Friday, April 17, 2020


I was fifteen the first time I loaded a dishwasher. Prior to that we were strictly a hand-wash family.

My grandma had a dishwasher, but I don't think she ever let me load it because things had to be rinsed and placed precisely so, which I kind of understand.

Yesterday morning I had finished loading the dishwasher after breakfast so that we could run it. Ordinarily we only run it once a day, but with Andrew and Rachel home full-time now, too, there are just enough extra dishes that we end up running it something like 1.3 times a day. So we hadn't run the dishwasher the night before because it wasn't full enough (we're on such a weird dish schedule).

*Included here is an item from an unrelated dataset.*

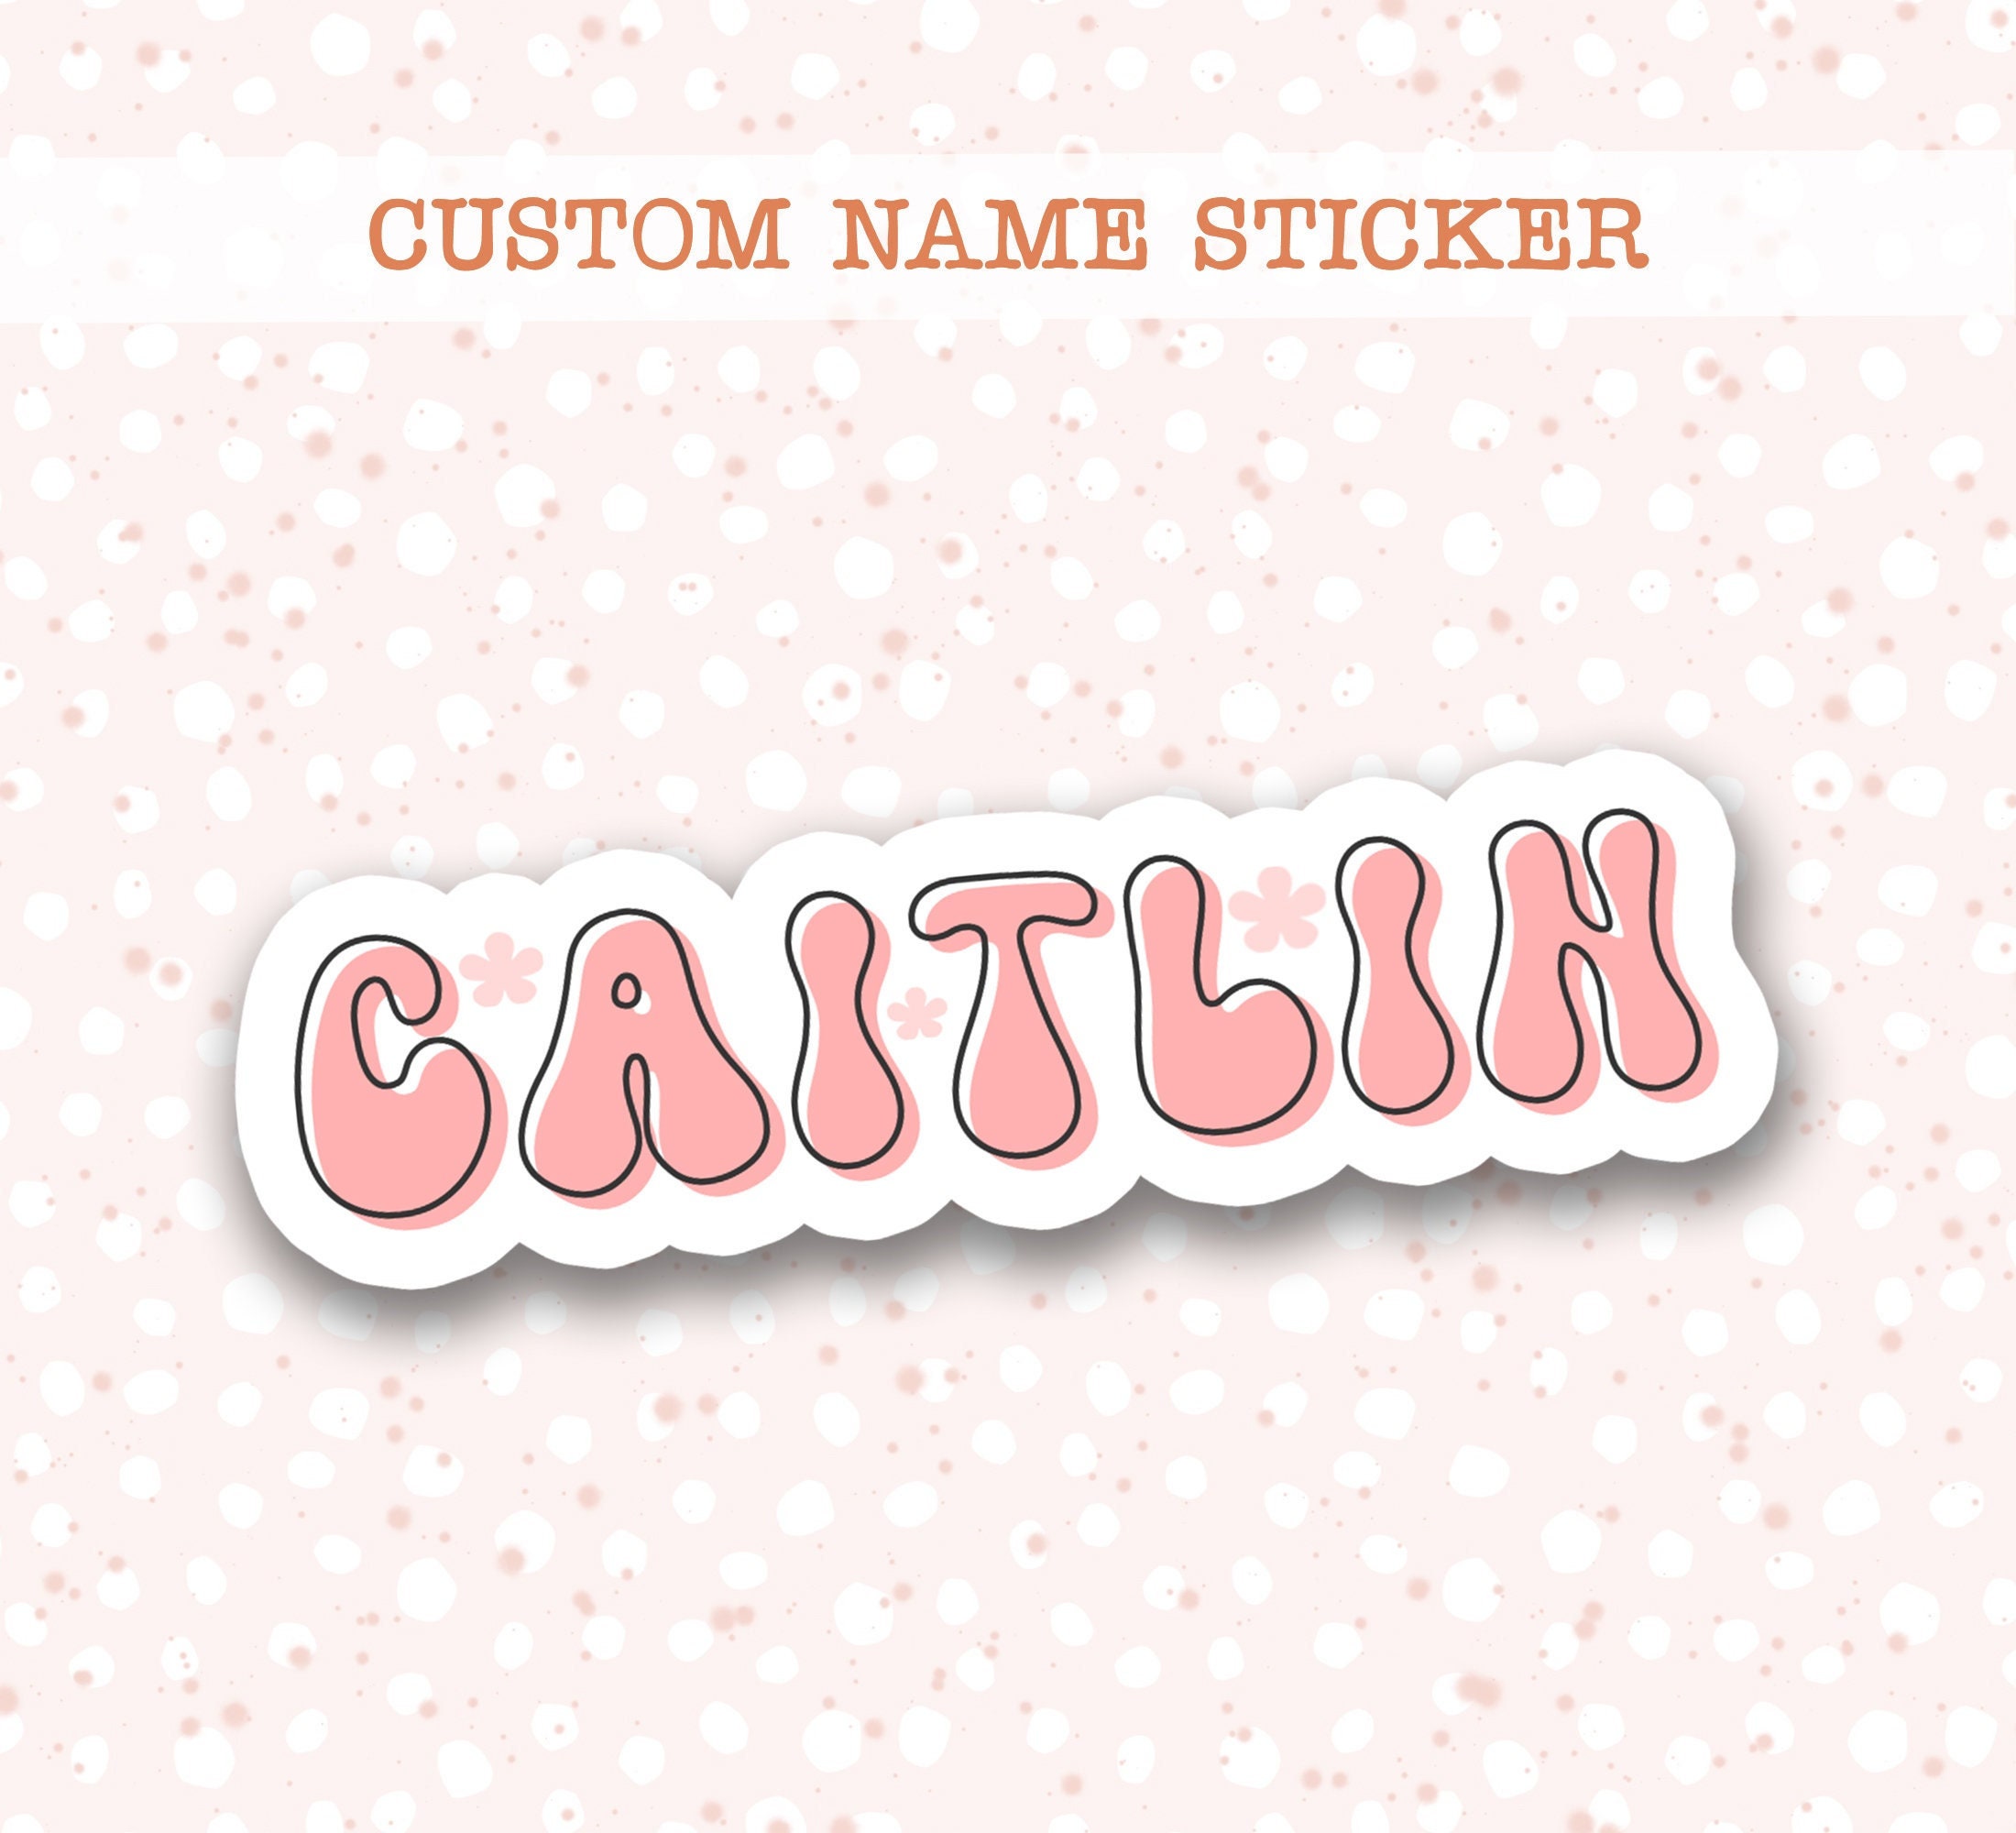 Clear Bubble Stickers, Bubbles Stickers, Cute Stickers, Kids Stickers

Anyway, Miriam had done the previous night's dinner dishes and I had loaded the breakfast dishes except for Andrew's. He was a little slow getting his breakfast so he said, "Don't run it yet. I'll turn it on after I add my bowl."

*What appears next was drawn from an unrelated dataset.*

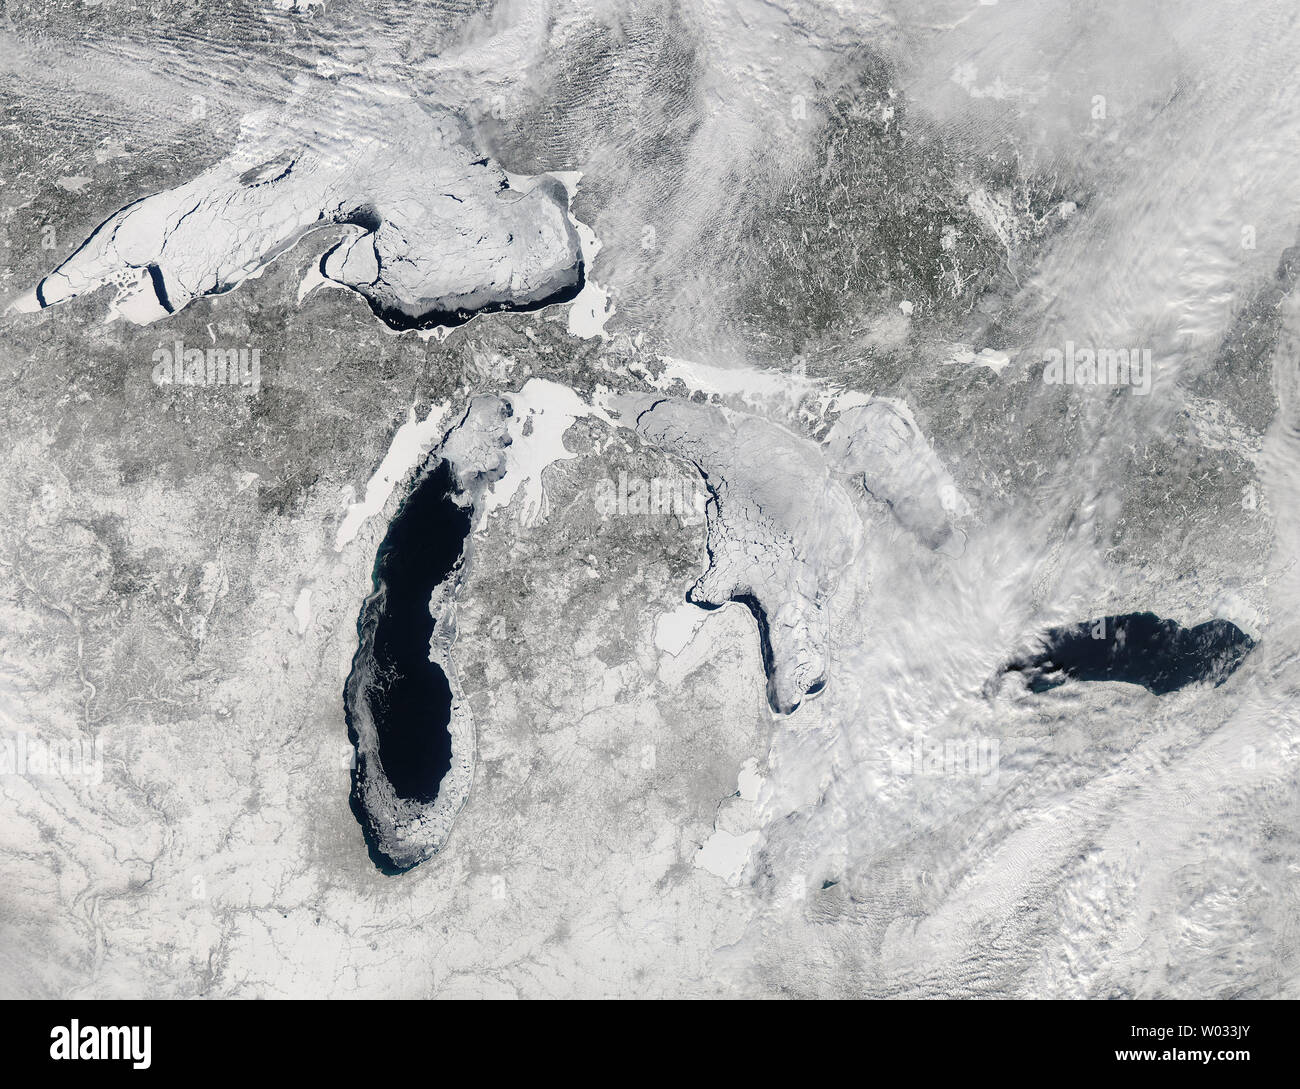 This NASA image taken on February 19, 2014 by the the Moderate Resolution Imaging Spectroradiometer (MODIS) aboard NASAÕs Aqua satellite shows the Great Lakes 80% frozen over during one of the hardest freeze-ups in four decades. North AmericaÕs Great Lakes peaked at 88.42% on February 12-13 C a percentage not recorded since 1994. The ice extent has surpassed 80% just five times in four decades. The average maximum ice extent since 1973 is just over 50%. UPI/NASA Stock Photo

He'd made himself cream of wheat (another staple from his childhood that I just...ew) and put it in a big bowl and then, as promised, he'd turned on the dishwasher.

When we opened it up we found that in squeezing his bowl into the dishwasher he'd collapsed a line of plates so they were leaning against each other instead of standing up right. Nothing got clean!

Miriam and I accused Andrew of sabotaging our dish-washing efforts, which he laughed about. But then directly after I went to prepare some lunch for the kids and found the beautiful loaf of honey whole wheat bread Miriam and I had made the day before completely desecrated. We had literally ground the grain to make that bread! It was a thing of beauty.

But then, instead of slicing a piece off, someone had unceremoniously torn it apart! It was now no good for sandwiches and I'd have to come up with something completely different for lunch.

"Who did this to the bread?" I asked the children, all of whom (of course) said "Not me!"

So I showed the loaf to Andrew and said, "Look what someone did to this bread. But of course no one actually did it..."

He surprised me by admitting, "Oh, that was me! I was so hungry after class last night that I just ripped some off."

"It was sitting on a cutting board with the knife right there," I reminded him. "Why...just why?"

"Hey," he said defensively, "That is how people used to eat bread. You know....back in the day...before any sort of utensil had been invented."

"Are we cavemen now?" I asked.

So Miriam and I spent the whole day joking about how Andrew was just following the two of us around, sabotaging everything we attempted (which of course isn't exactly true, but it was still fun to have something to carry on about (we are hard up for entertainment these days, apparently)).